Speaker changes inside segments: When Whisper transcribes an audio file, it returns an array of segments. The original Google Colab notebook written by Dwarkesh Patel (linked at the top) takes each of those segments, gets the embeddings of the audio, clusters the embeddings based on the specified number of speakers, and then labels each segment with a speaker's name (like "Speaker 1"). I've kept his original solution in this library, but do note that it has at least one flaw: if the speaker changes in the middle of a clip (i.e., if a single clip contains two speakers), then that clip will still only receive one speaker label. I haven't yet thought of a way around this, though I admit that I haven't done any research on the problem or even read through the full Twitter thread linked at the top; so maybe someone has already solved it. If so, please let me know!

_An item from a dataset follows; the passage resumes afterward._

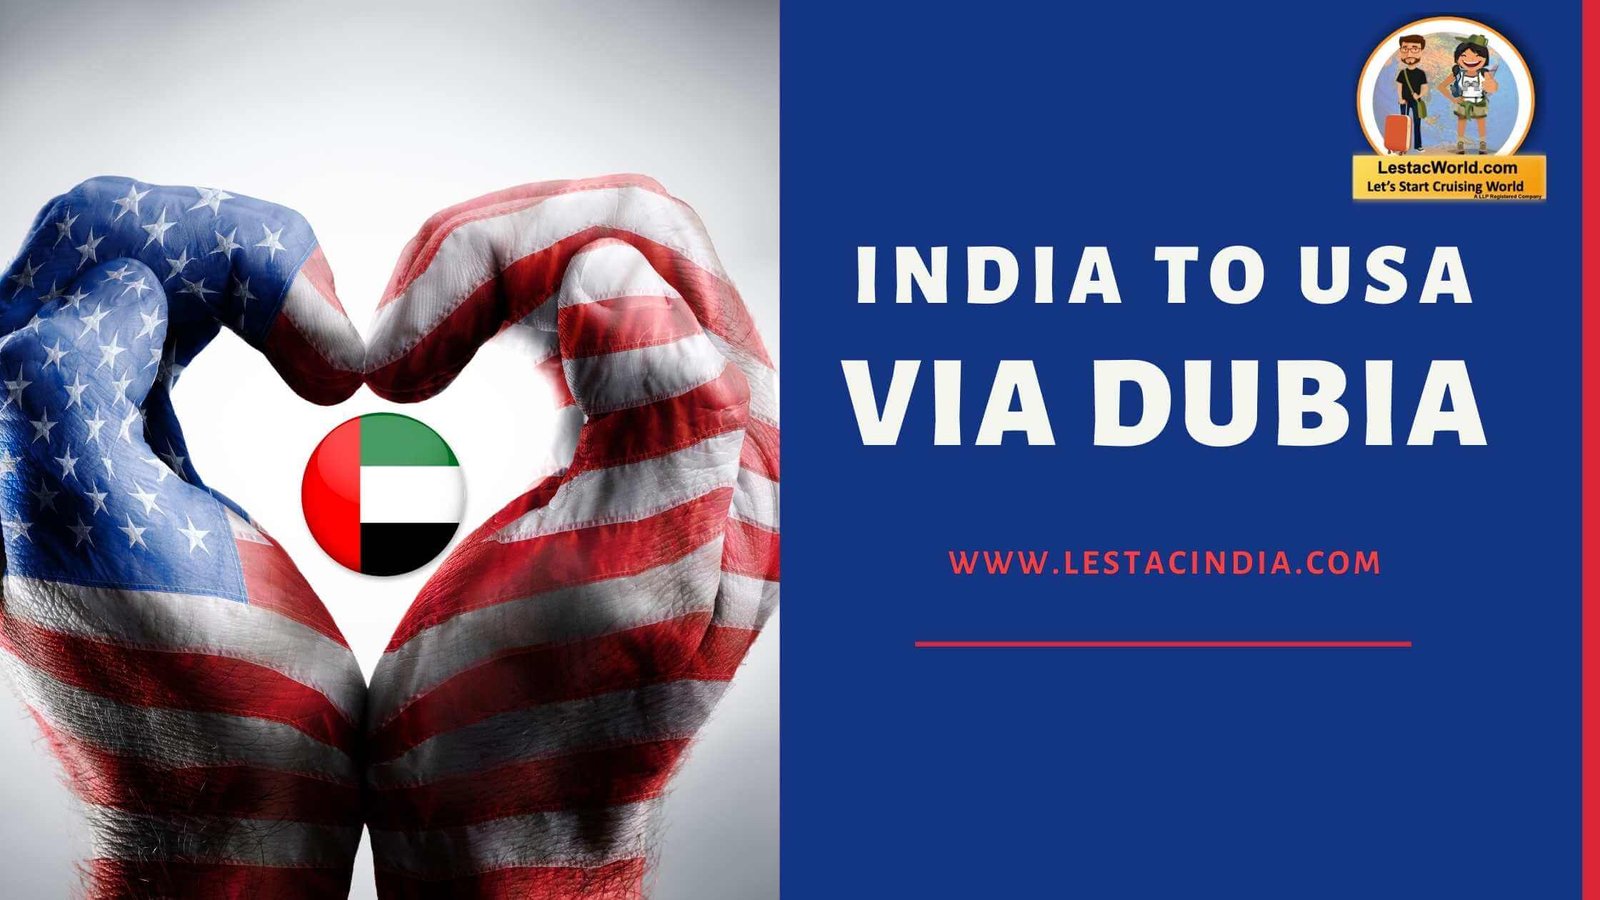 India to USA via Dubai

The only solution I've considered is trying to break up the audio by speaker changes first and then passing the segments into Whisper for transcription. But I'm not really sure of the best way to break the audio into chunks for identification. In the current version, the timestamps generated by Whisper are used to break the original audio up into chunks, and then those chunks are passed into
pyannote.audio
for embedding. But if I try to get the embeddings before transcription, then I'll have to make decisions about how to break the audio into chunks without Whisper's timestamps. Here are some possible ways of making such decisions:
- I could use a sliding window of (e.g.) 3 seconds such that each clip passed into
pyannote.audio
is 3 seconds long. The window could march forward by some timestep, like 0.25 seconds. I wonder, though, if there's an ideal amount of time to use to get embeddings. In other words, does 3 seconds of audio contain enough information? Or is it way too much because (e.g.) 0.25 seconds would contain sufficient information?- I could break the audio along silences of some particular length. For example, everytime there's a silence that lasts at least 0.5 seconds long, I break the audio half-way through the silence, closing off a clip and starting a new one. This method assumes, though, that one speaker never cuts another off.

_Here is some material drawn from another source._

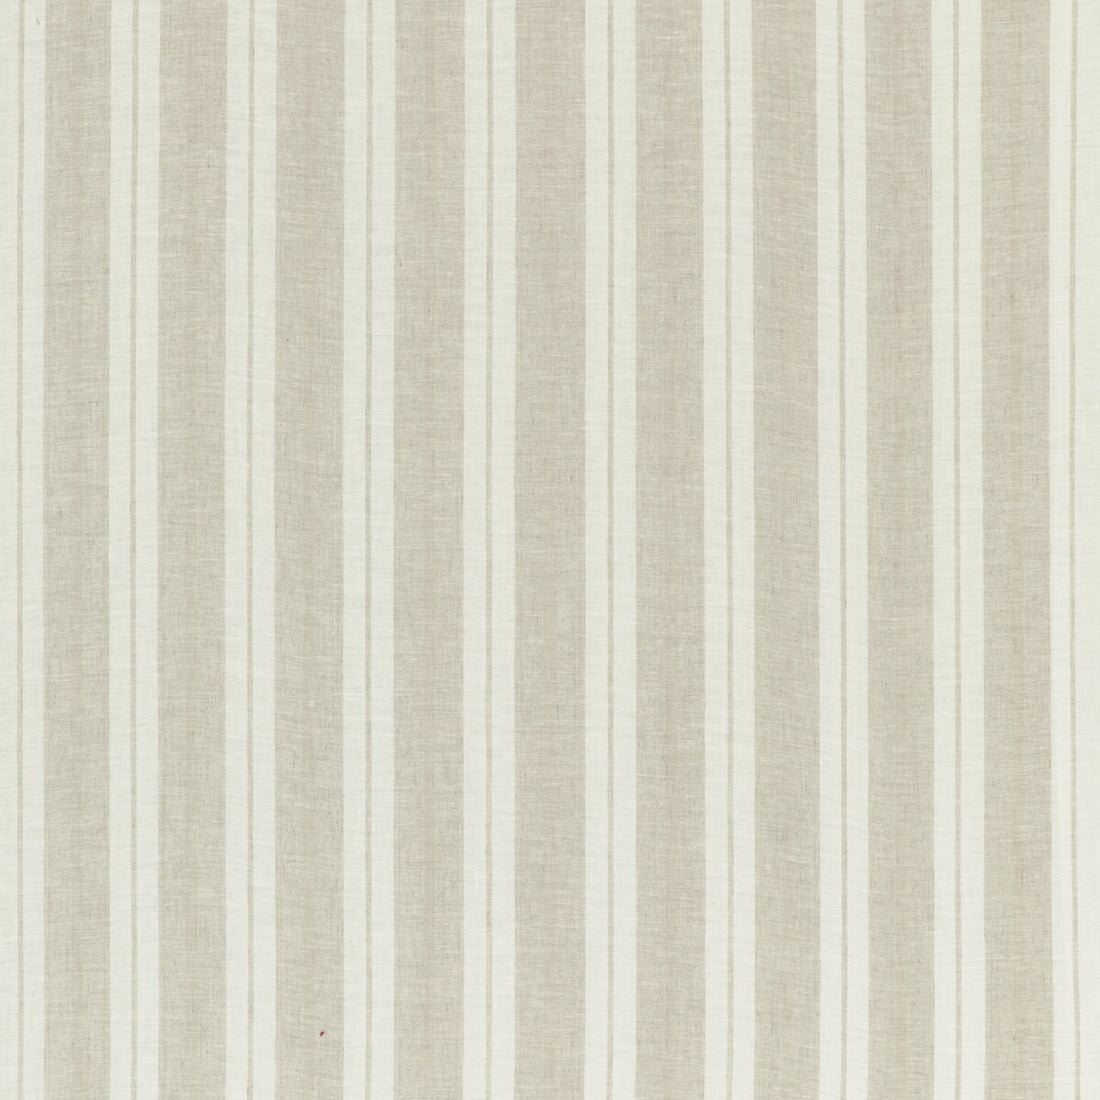 Kravet Design fabric in 4841-16 color - pattern 4841.16.0 - by Kravet Design

- I could use a sliding window to get median frequency for some chunk of time, and then use significant changes in median frequency as breakpoints. This assumes, though, that no two speakers' voices are in exactly the same range, so it's probably not a very robust solution.
I'll tinker with these and see if any produce better results than the current setup.
Windows compatibility: This library probably won't work on Windows because of the ways I've been handling file paths!